DEI im US-Fadenkreuz

Widerstand gegen Diversitätsziele: Nun warnen Verbände und Politik

Roche, Novartis und UBS haben nach der Wahl von Donald Trump ihre DEI-Ziele zurückgefahren. Politik, Gewerkschaften und Verbände warnen vor einem gefährlichen Rückschritt – und fordern Haltung.
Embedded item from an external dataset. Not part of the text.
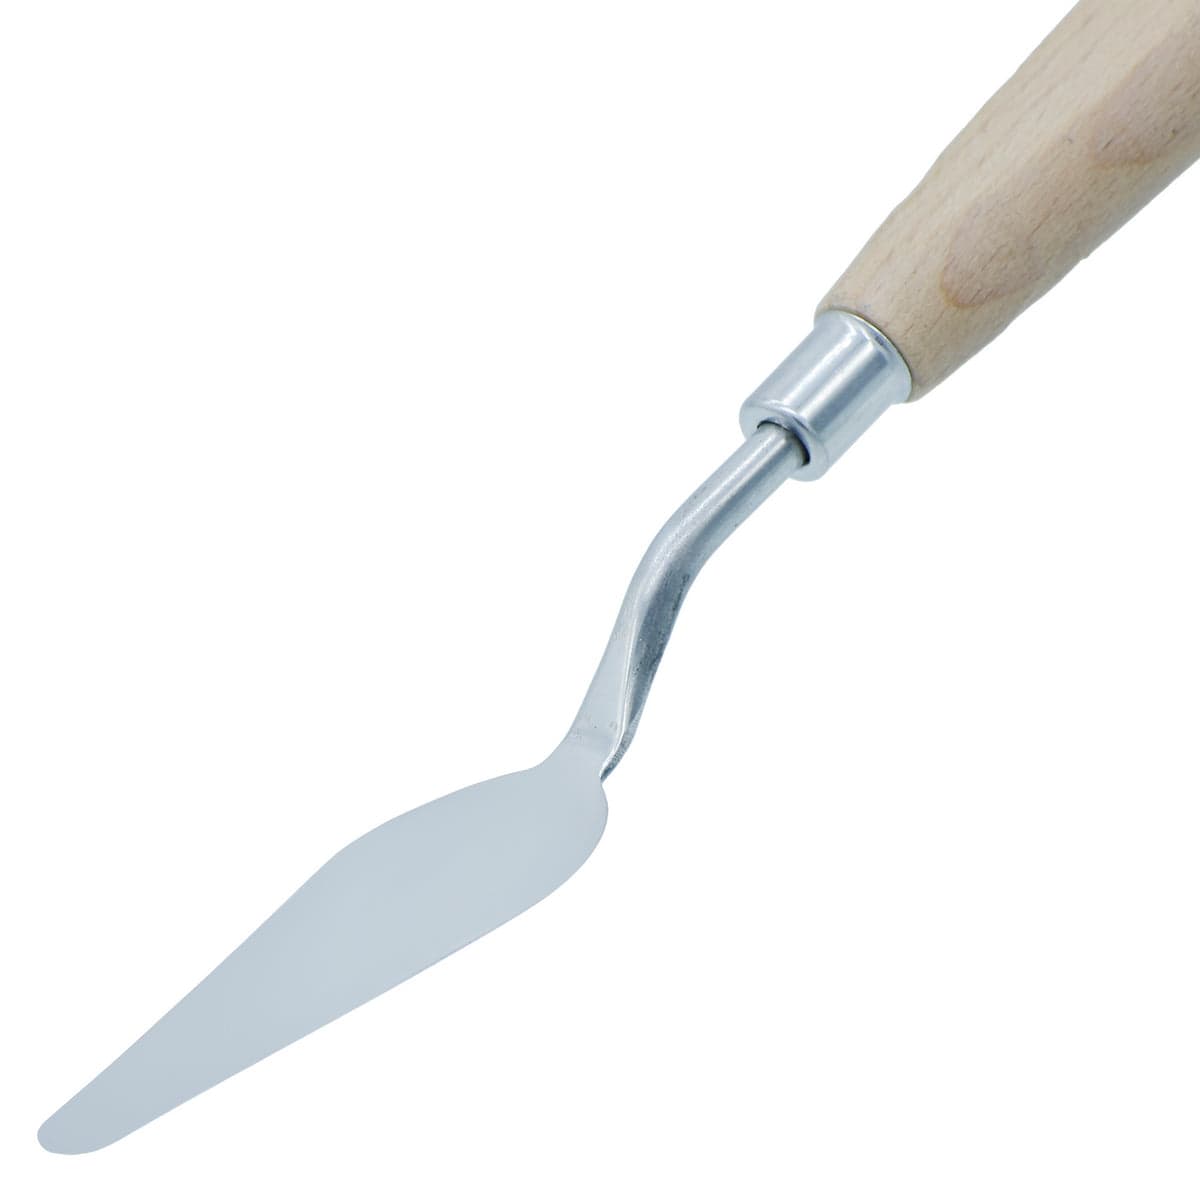 jags-mumbai Knife & Cutter Wooden Painting Knife 10 WPK-10

Erst gut zwei Monate nach Beginn von Donald Trumps zweiter Amtszeit schwappt der Widerstand gegen Inklusionsmassnahmen auch auf Schweizer Firmen über.

So haben die Pharmakonzerne Roche und Novartis, aber auch die Grossbank UBS, ihre Diversitätsziele angepasst. Die UBS gibt zum Beispiel ihre Ziele für die Förderung von Minderheiten und Frauen auf. Ähnlich bei Roche: Auch dort hat man die Zielvorgaben für den Frauenanteil in Führungspositionen und für ethnische Diversität gestrichen.
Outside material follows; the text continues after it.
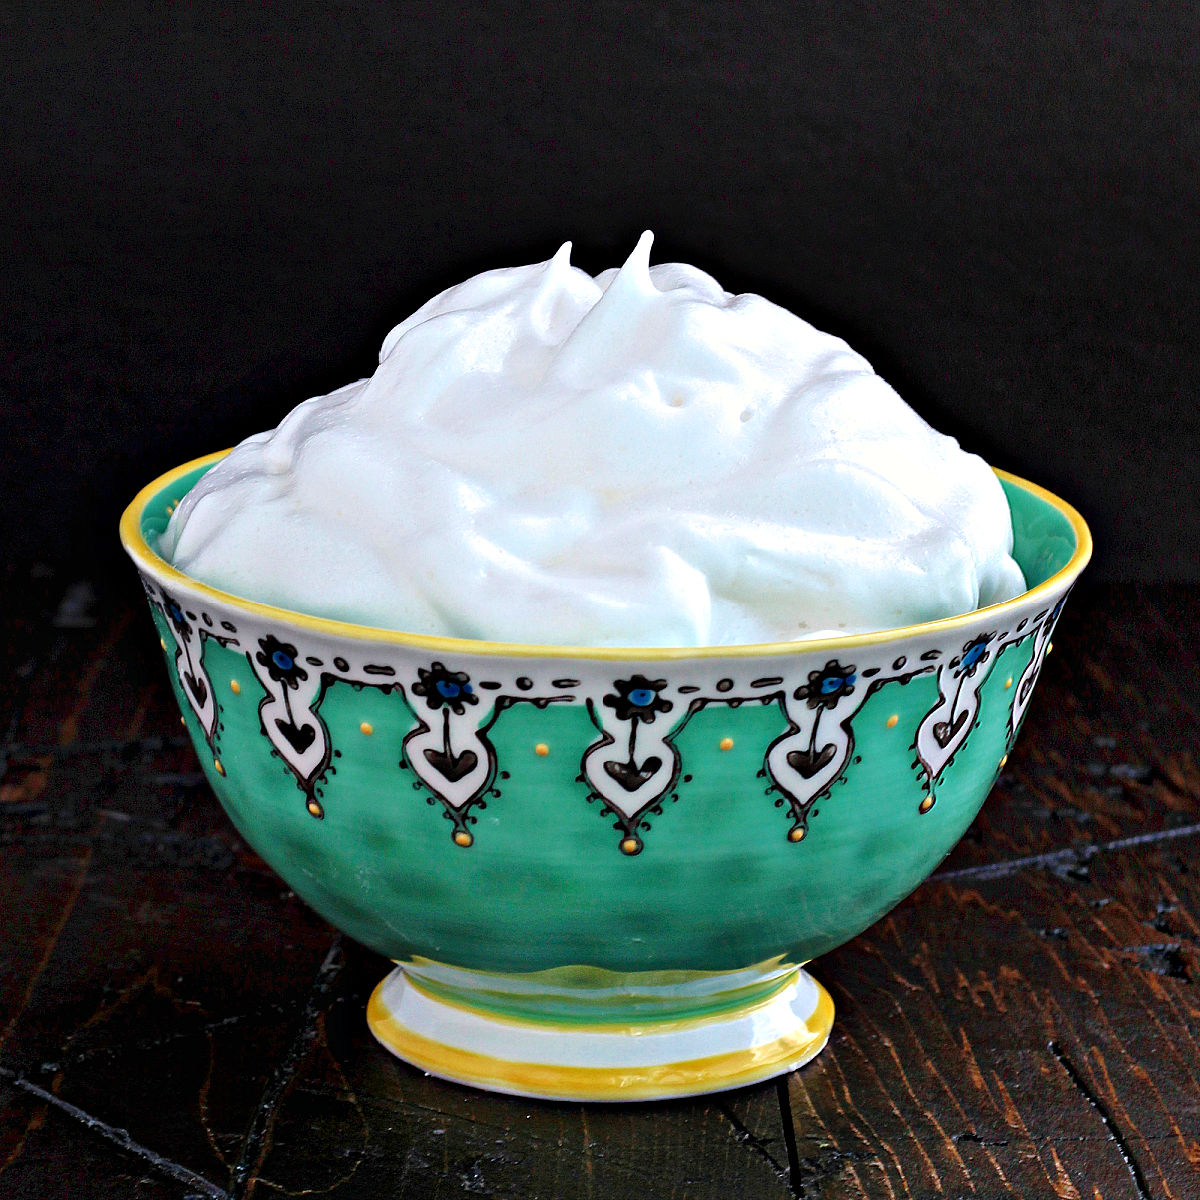 Aquafaba whipped cream in a bowl.

Die UBS gibt zum Beispiel ihre Ziele für Minderheiten- und Frauenförderung auf. Ähnlich sieht es bei Roche aus. Dort streicht man Ziele für die Frauenquote in Führungspositionen und ethnische Minderheiten. 
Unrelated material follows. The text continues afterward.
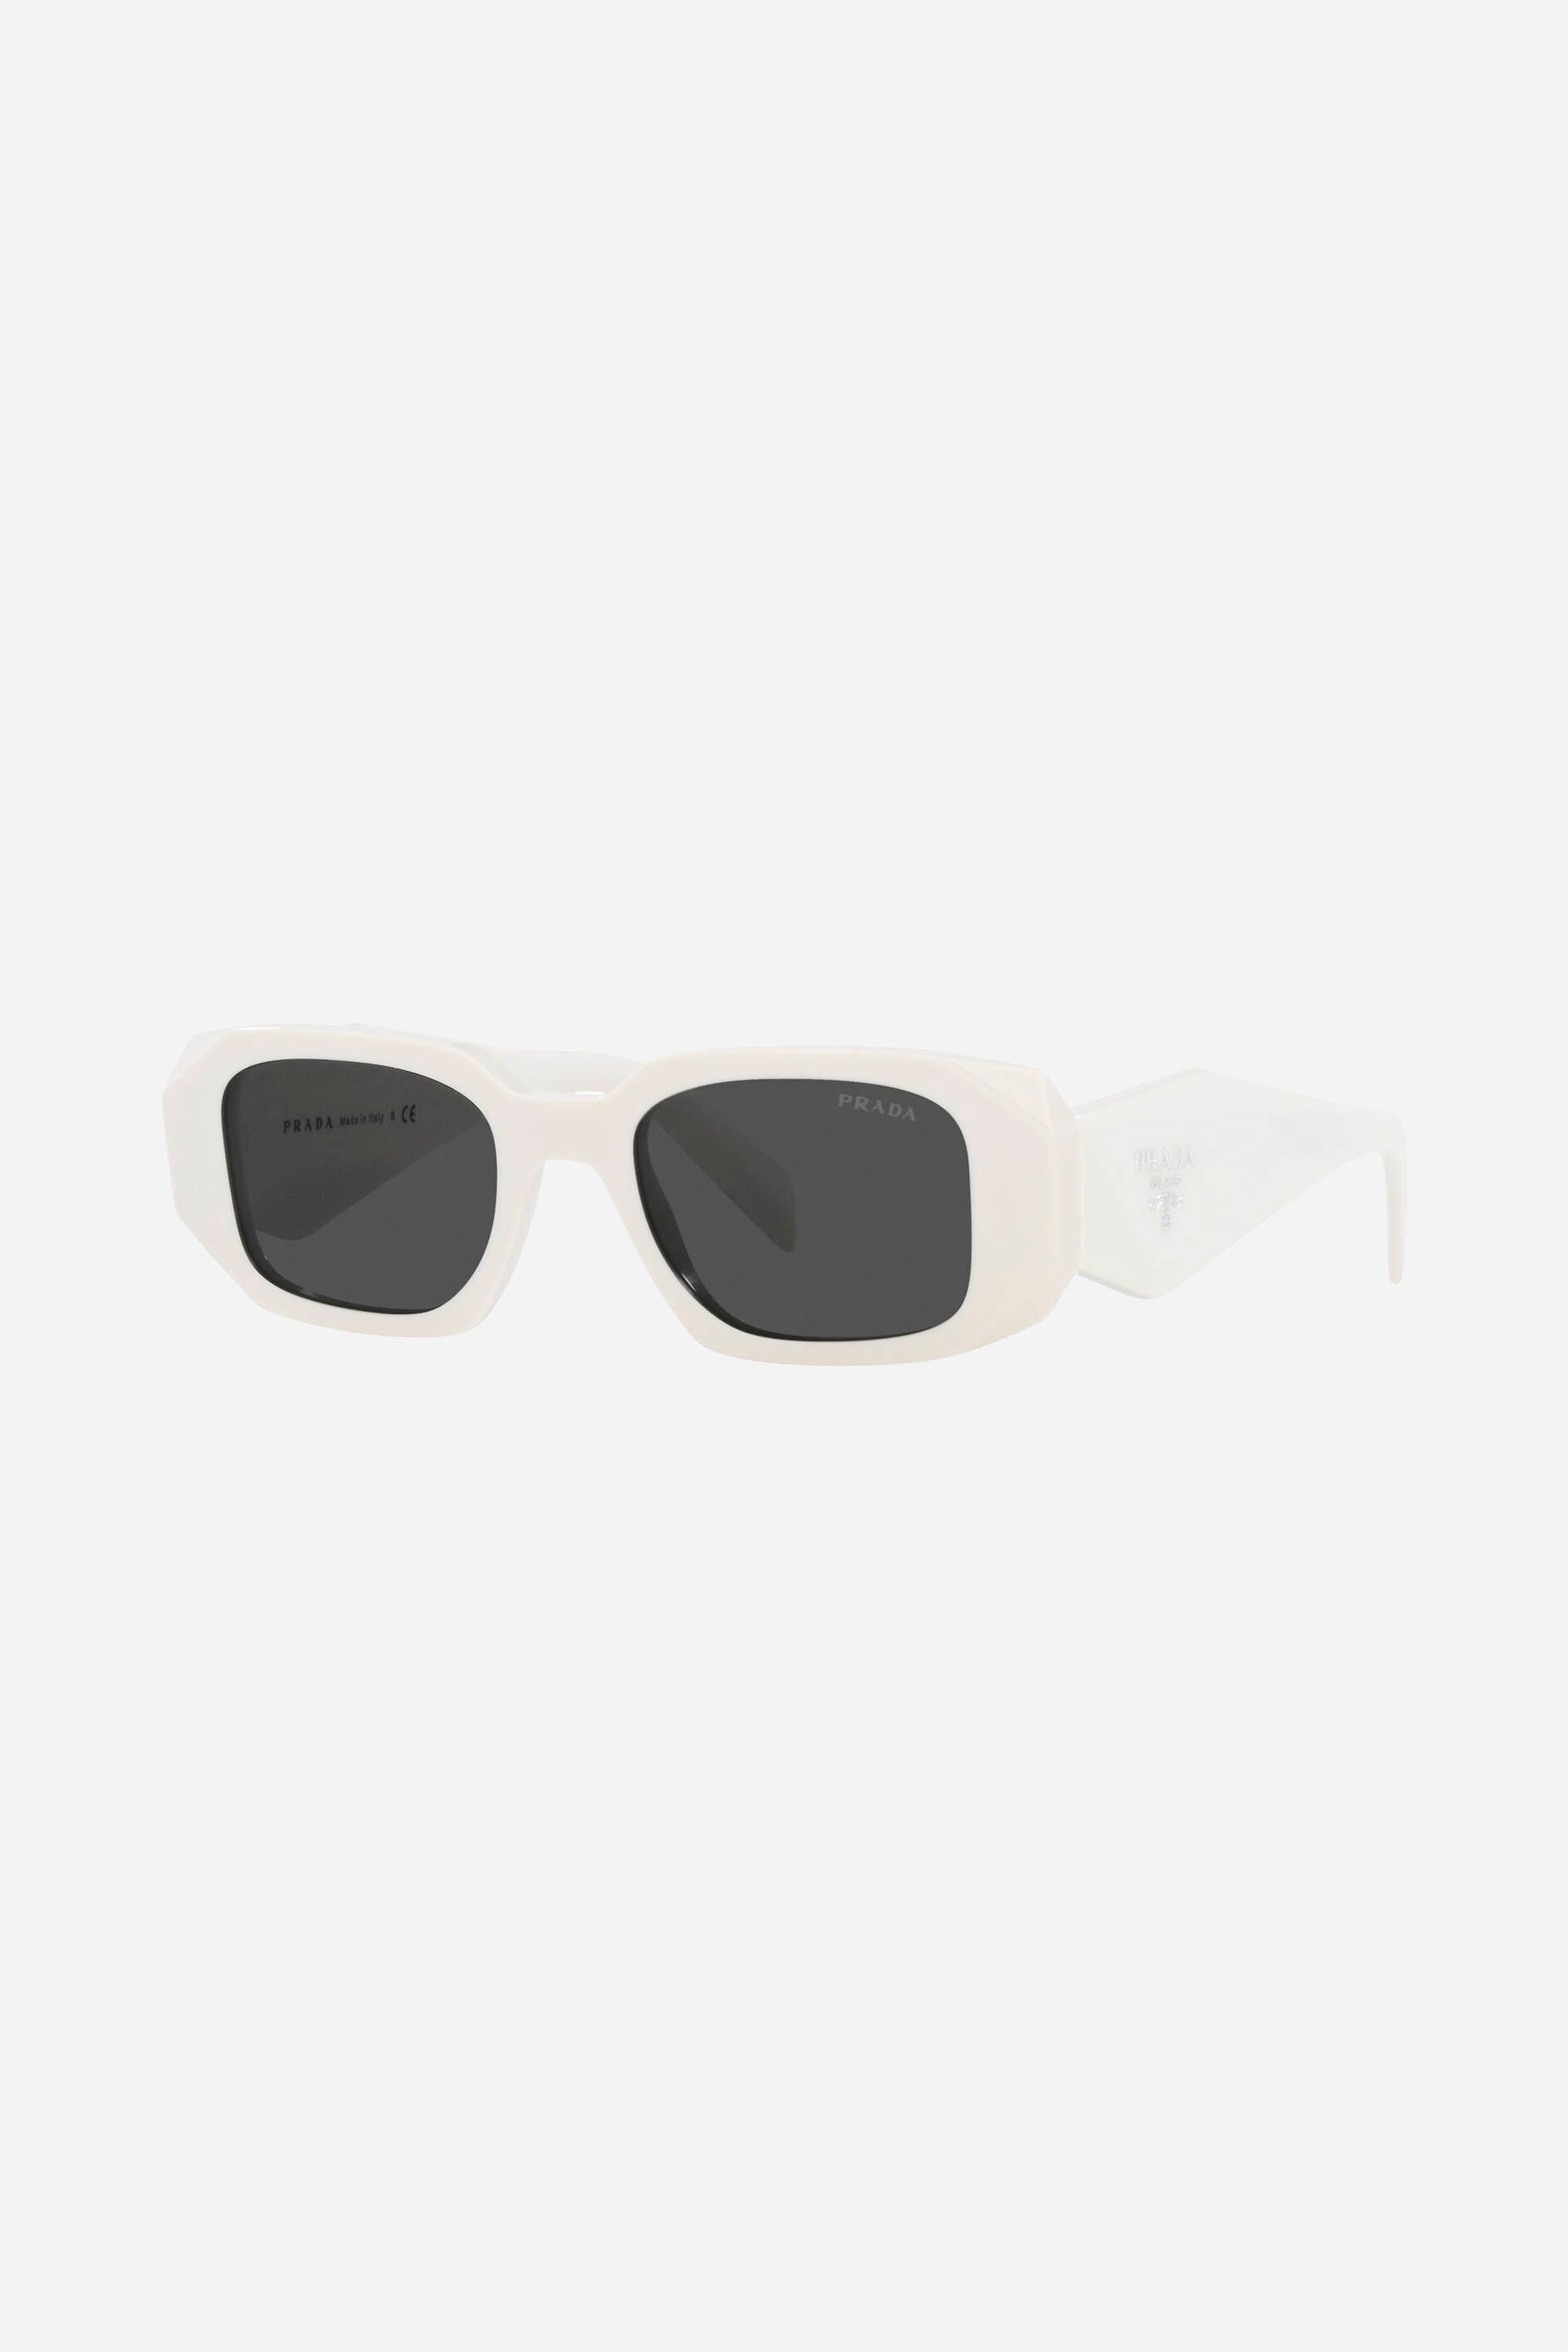 Available October 22 -Prada symbol white oval sunglasses - Eyewear Club

Gegenüber Tamedia bezeichnete SP-Nationalrätin Min Li Marti diese Entwicklungen als «hochproblematisch» und verlangte von Schweizer Firmen, sich an die gesetzlich festgeschriebenen Geschlechterzielwerte zu halten. So will es das Gleichstellungsgesetz. Alt Bundesrätin Simonetta Sommaruga ordnete Anfang März in einer Rede ein: «Wir haben alle gemeint, dass Chancengleichheit und Gendergerechtigkeit in der Wirtschaft so stark verankert sind, dass die Entwicklung nicht mehr gestoppt werden kann», wird die SP-Politikerin von der Handelszeitung zitiert.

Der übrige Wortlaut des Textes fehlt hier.